Agama dan Pesan Perdamaian
Islam sebagai agama yang membawa pesan-pesan damai memang sudah dipraktekkan di era Nabi Muhammad SAW, bahkan sejak masuknya Islam ke Indonesia tidak lain adalah untuk mengkonseptualisasikan agama Islam yang rahmatan lil ‘alamin yang bisa bernarasi perdamaian. Akan tetapi, bukan untuk kekerasan. Hal ini sebagaimana termaktub dalam al-Qur’an surat al-Anbiya’ [21] ayat 107:
وَمَا أَرْسَلْنَاكَ إِلَّا رَحْمَةً لِلْعَالَمِينَ
Dan tiadalah Kami mengutus kamu, melainkan untuk (menjadi) rahmat bagi semesta alam. (Q.s. Al-Anbiya’ [21]: 107).
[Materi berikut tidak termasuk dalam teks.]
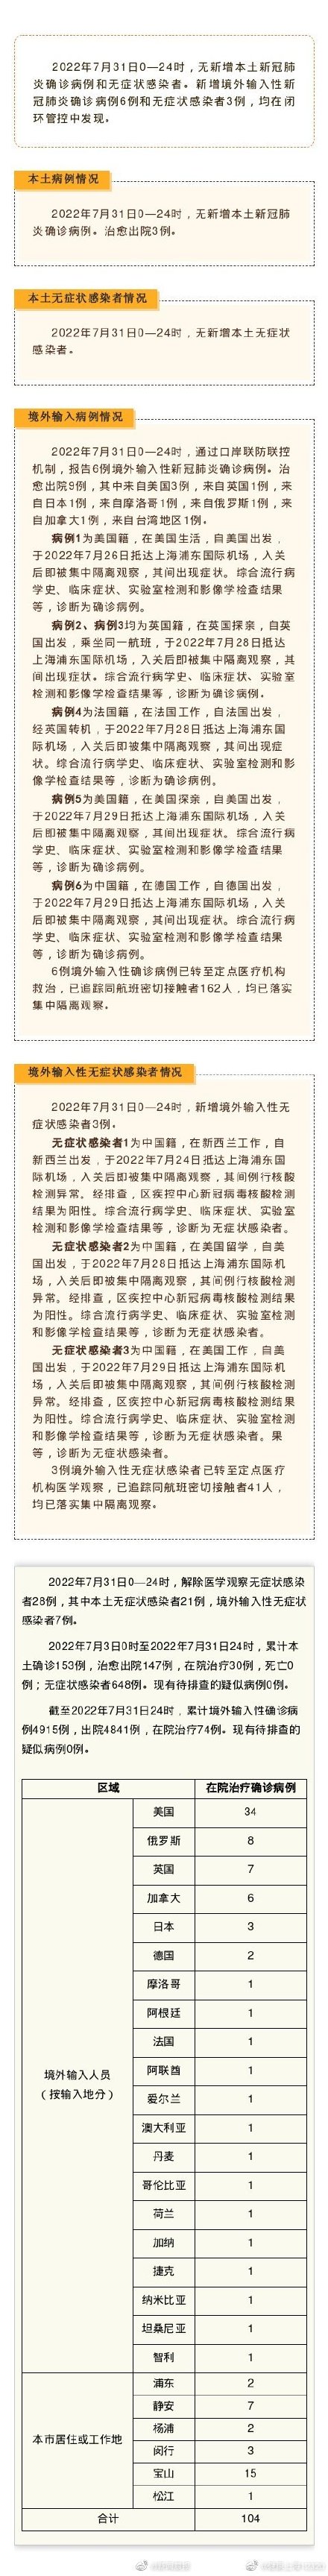 上海昨日无新增本土确诊病例、无新增本土无症状感染者
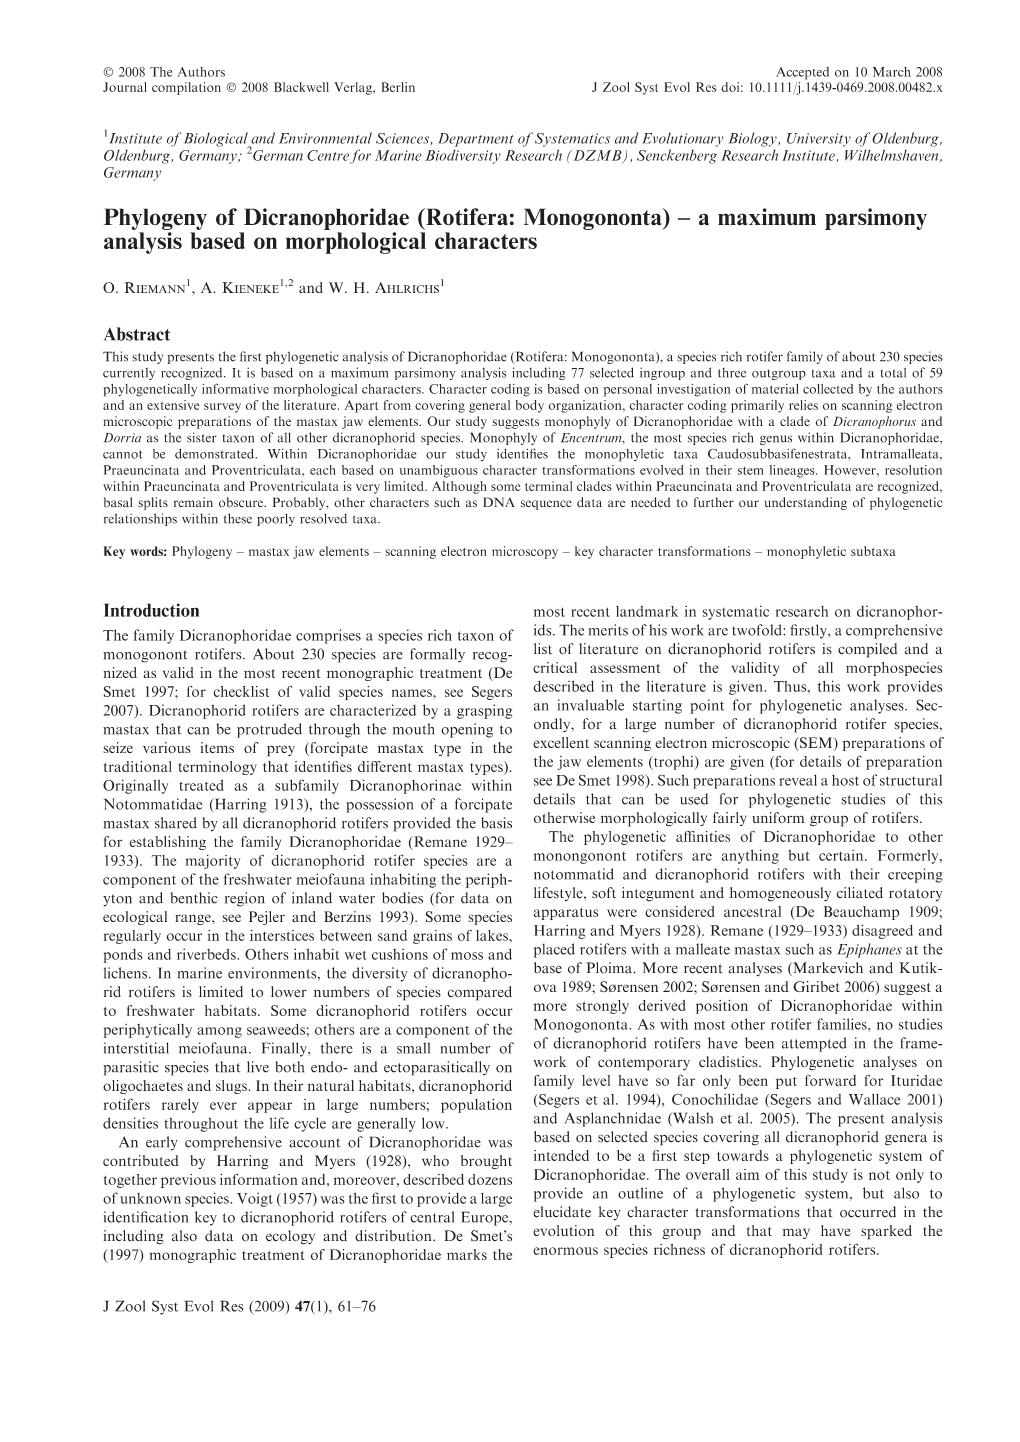 Phylogeny of Dicranophoridae (Rotifera: Monogononta) – a Maximum Parsimony Analysis Based on Morphological Characters

Sejarah mencatat dalam ayat ini bahwa negara yang didasarkan kepada Islam rahmatan lil ‘alamin memiliki kecintaan, kesetiaan, kemakmuran dan kedamaian bagi suatu negeri yang adil, serta bisa membuat masyarakat hidup rukun, tentram, damai, dan mampu menjaga keselamatan Pancasila, Bhineka Tunggal Ika, dan NKRI.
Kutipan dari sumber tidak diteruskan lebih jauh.